According to PeakOil -> The Hindu

See Newspaper Cut out: Article 1 and Article 2 

Canberra, Oct 27. (AP): Australia’s Government says, its plans to create the world’s largest solar power station by turning a wasteland into a glistening field of mirrors is a step toward making the sun-drenched country a world leader in clean energy.

But critics say the Government, which is riding on the back of an economic boom driven by sales of Australia’s main export, coal, and other resources, is moving too slowly on less-polluting alternatives to fossil fuels and is using clean-energy arguments to launch a nuclear power industry.

The Government, under fire for refusing to sign the Kyoto Protocol on reducing greenhouse gas emissions, on Wednesday pledged 75 million Australian dollars ($ 57 million; euro 45 million) to help build the world’s largest solar power plant in Victoria state.

The plant is to consist of almost

The collectors, known as heliostats, will follow the sun and channel its energy into the national power grid. Construction is to begin in 2008 and the A$420 million ($ 319 million; euro 254 million) plant is scheduled to generate 154 megawatts of electricity _ enough to power 45,000 homes _ by 2013.

My strong conviction has been for a couple of years now that Australia should be and will be the leader in solar technologies in the world,” Environment Minister Ian Campbell told Australian Broadcasting Corp. television late on Wednesday.

But he warned that solar energy was not a silver bullet, and that learning to capture pollution from coal-fired power stations and expanding nuclear generation were also part of making energy cleaner.

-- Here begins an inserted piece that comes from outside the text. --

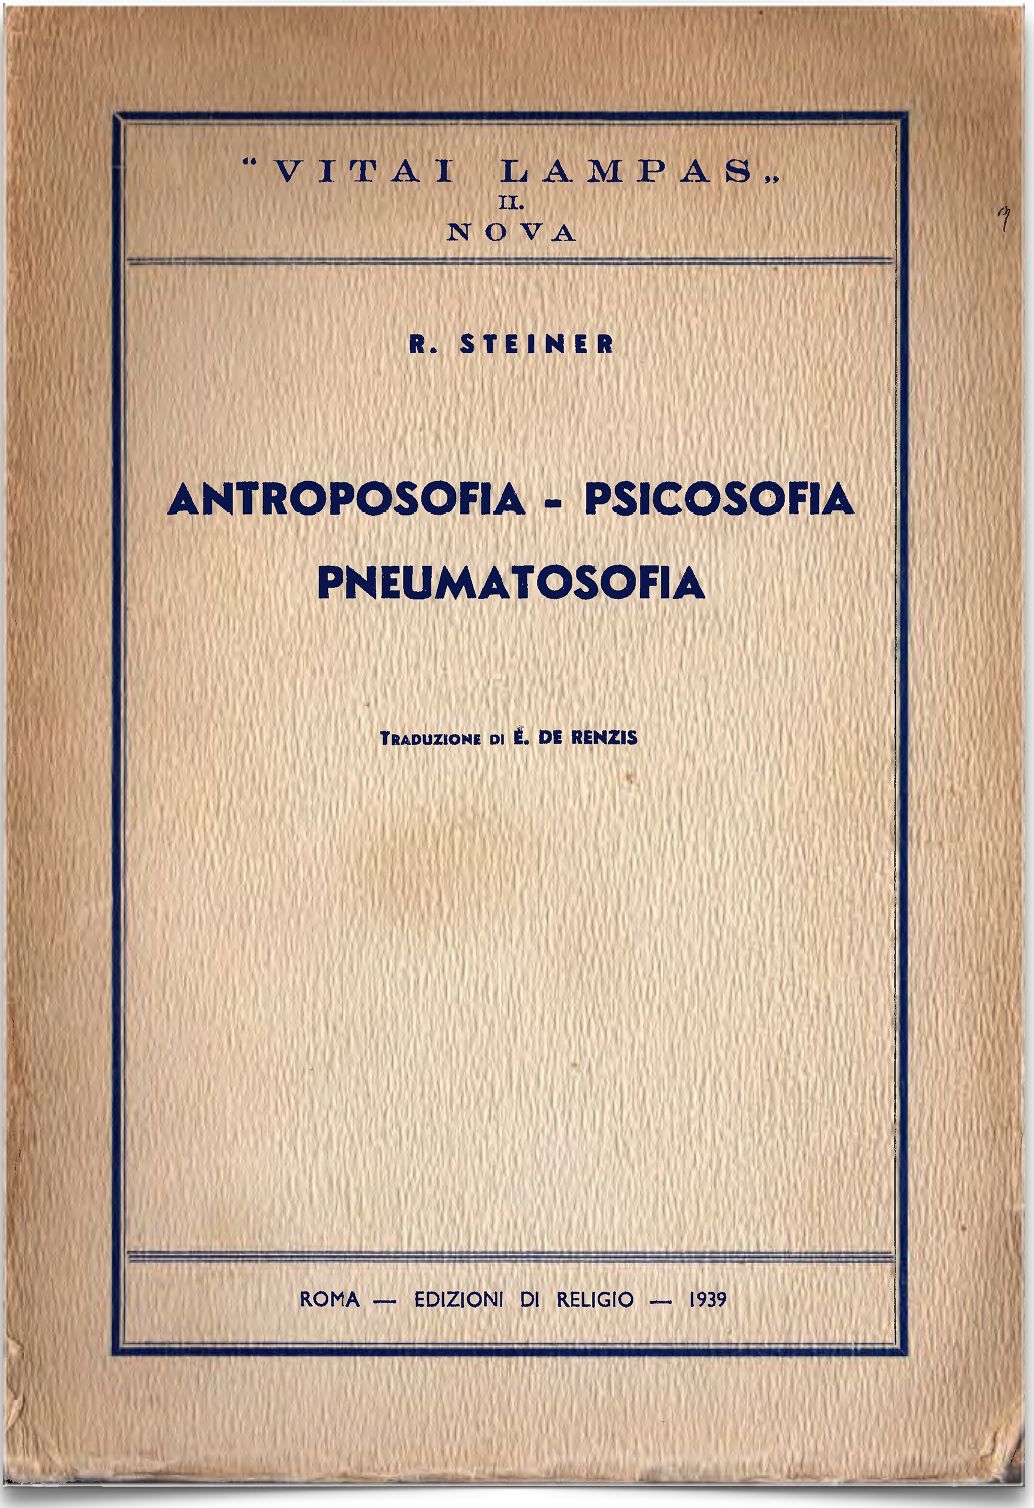 Antroposofia-psicosofia-pneumatosofia - o.o. 115 (Rudolf Steiner) - copertina originale

The government also announced funding of A$50 million ($ 38 million; euro 30 million) toward a A$360 million ($ 274 million; euro 218 million) project to reduce carbon emissions from an existing coal-fired power plant in the same State.

That protect is to be completed by 2009, reducing greenhouse gas emissions from the power stacks by 30 percent.

“Finding technology transfer mechanisms so that you can get these technologies developed in a place like Australia and very quickly moved to places like China is really the front edge of the problem and the challenge,” Campbell said.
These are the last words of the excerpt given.